## [YOUR OBJECTIVE]
Report all lines from the entries below in which "along" appears.

## [SUPPLIED DATA]
####
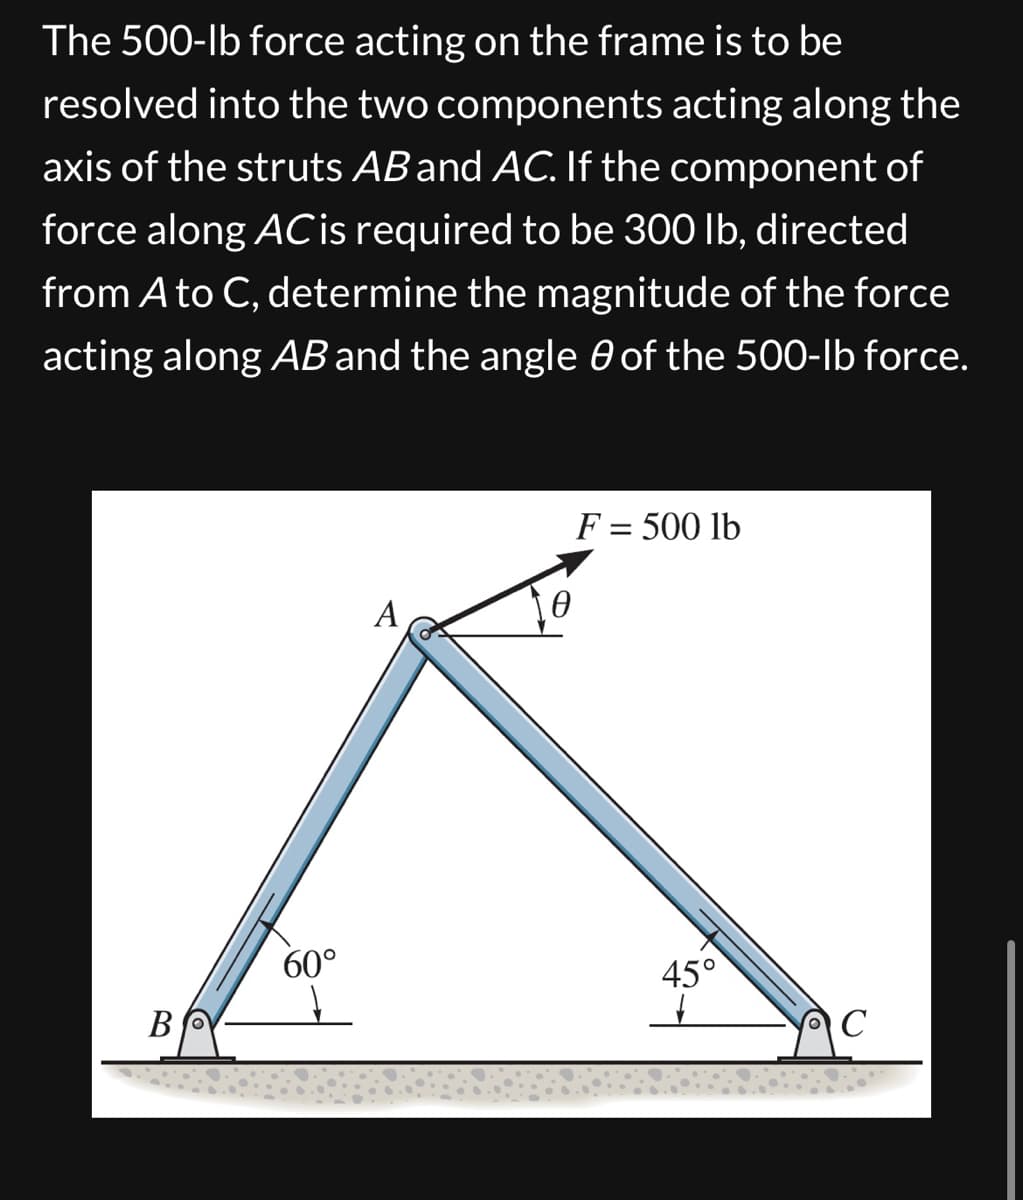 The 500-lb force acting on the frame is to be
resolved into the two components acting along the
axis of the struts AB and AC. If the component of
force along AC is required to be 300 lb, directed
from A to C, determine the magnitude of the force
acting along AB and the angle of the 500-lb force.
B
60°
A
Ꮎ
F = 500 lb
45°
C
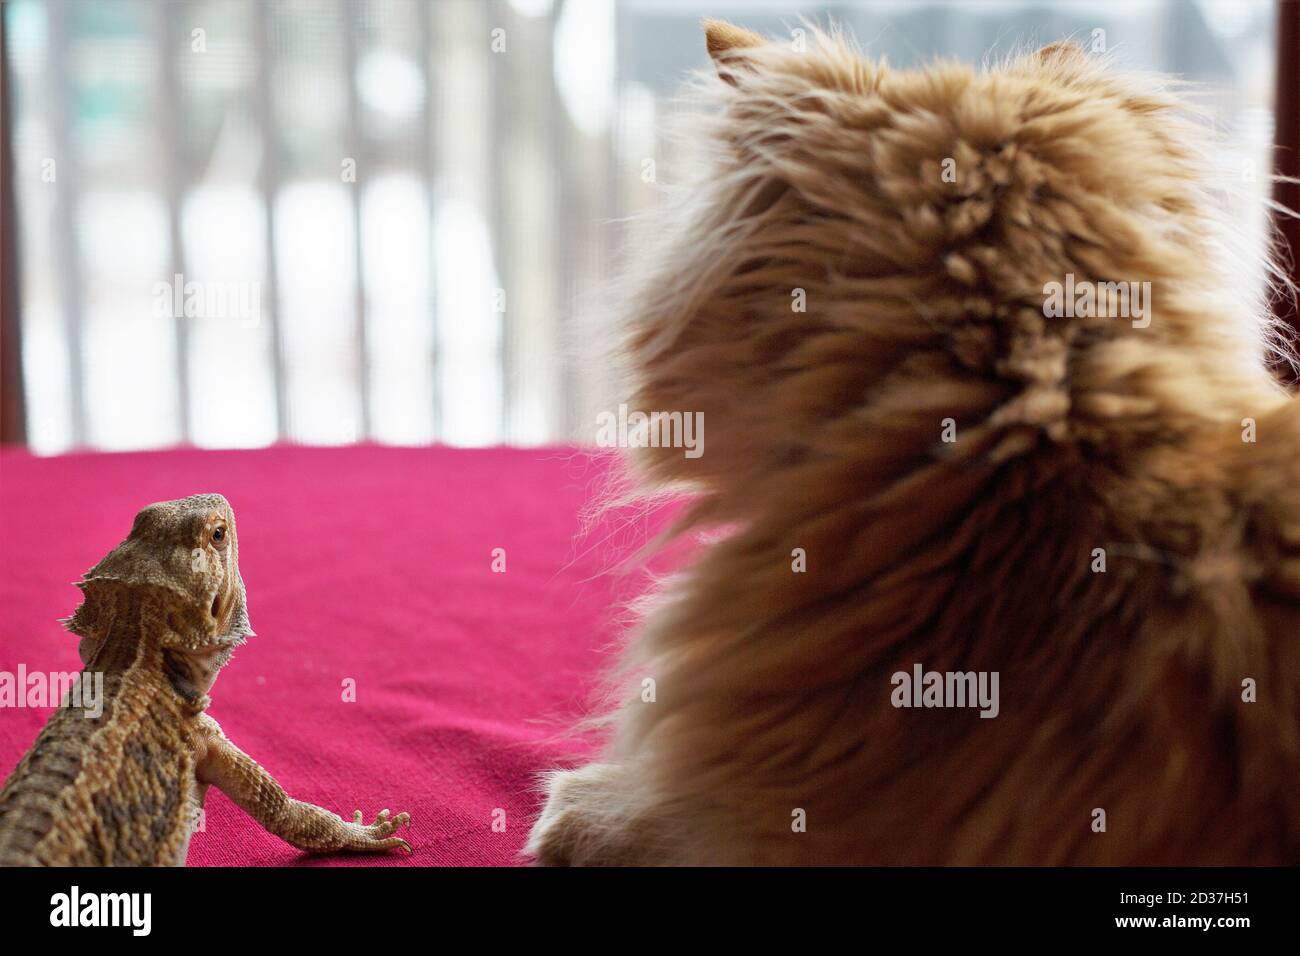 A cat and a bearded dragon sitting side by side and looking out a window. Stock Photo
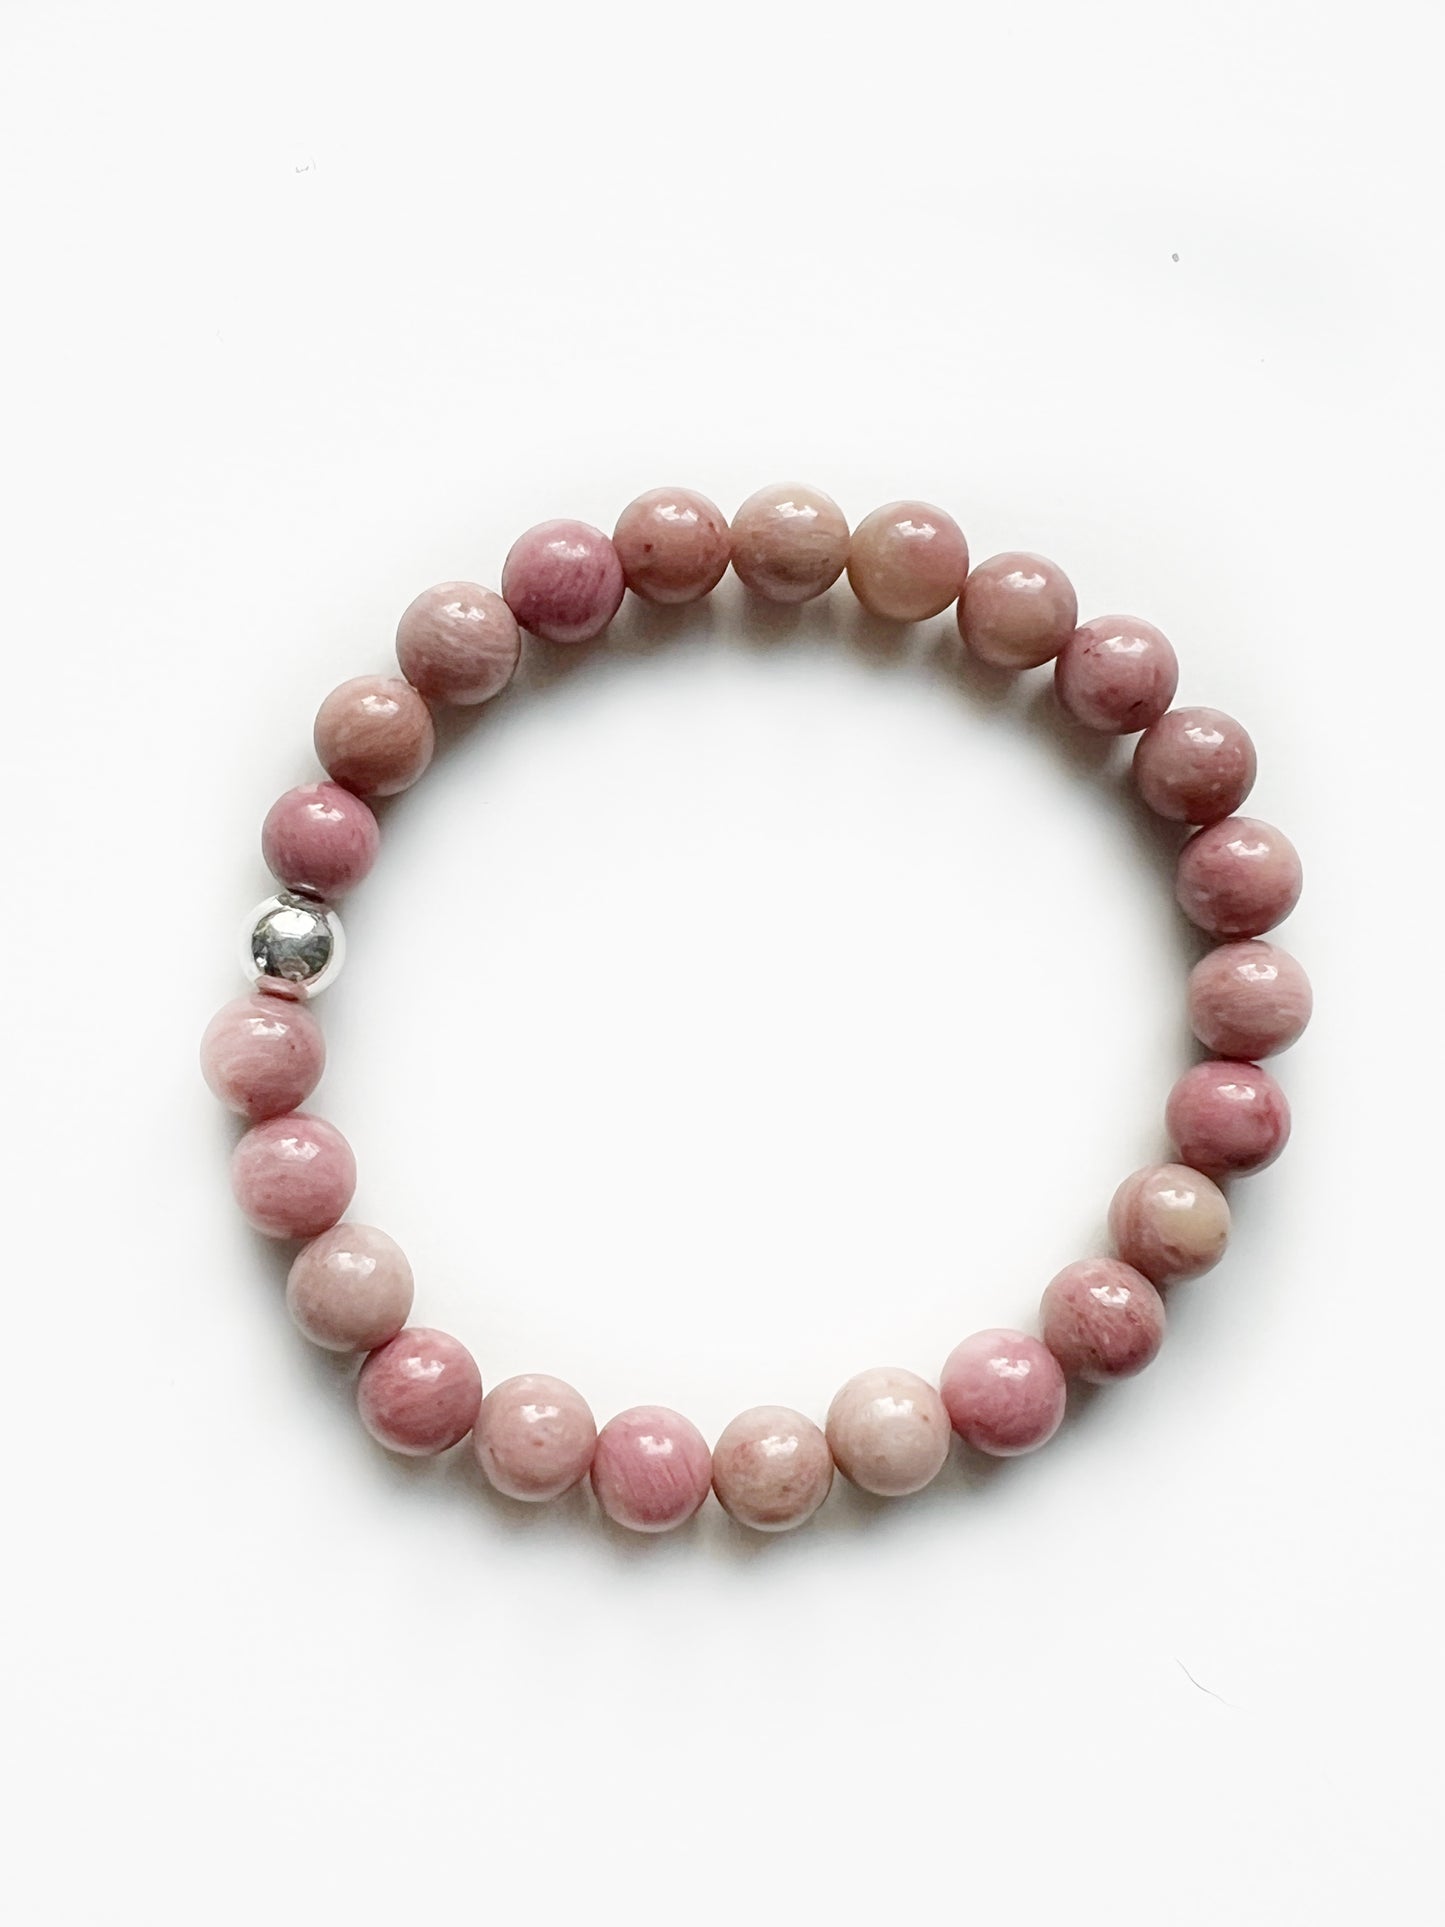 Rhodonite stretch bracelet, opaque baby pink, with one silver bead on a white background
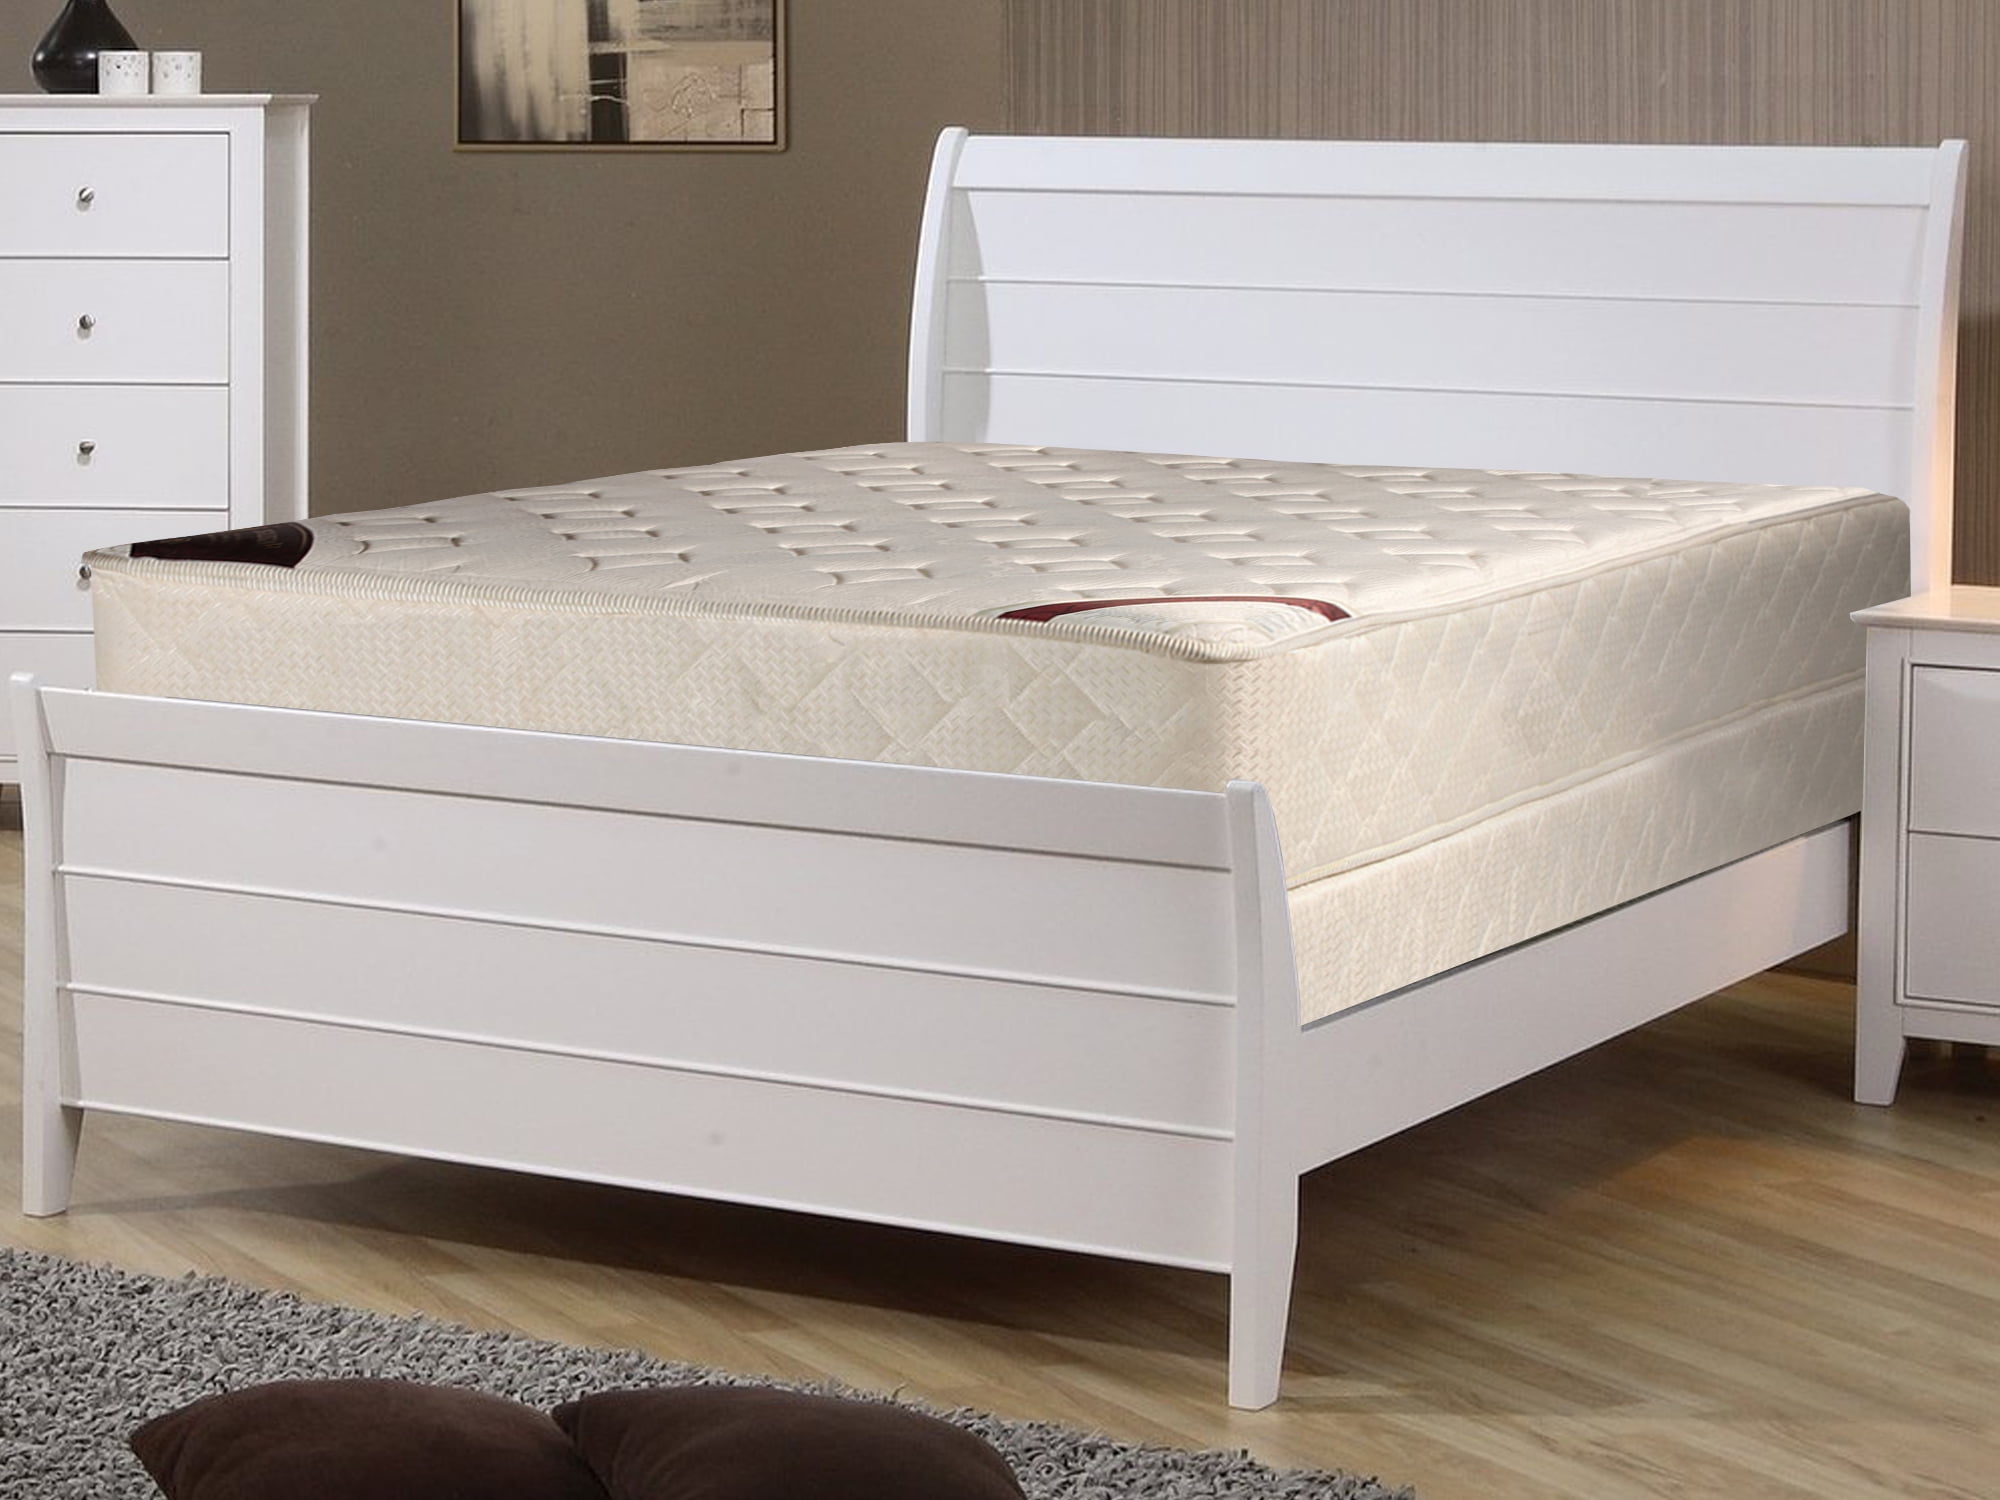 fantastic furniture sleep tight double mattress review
####
## [EXERCISE RESULT]
resolved into the two components acting along the
force along AC is required to be 300 lb, directed
acting along AB and the angle of the 500-lb force.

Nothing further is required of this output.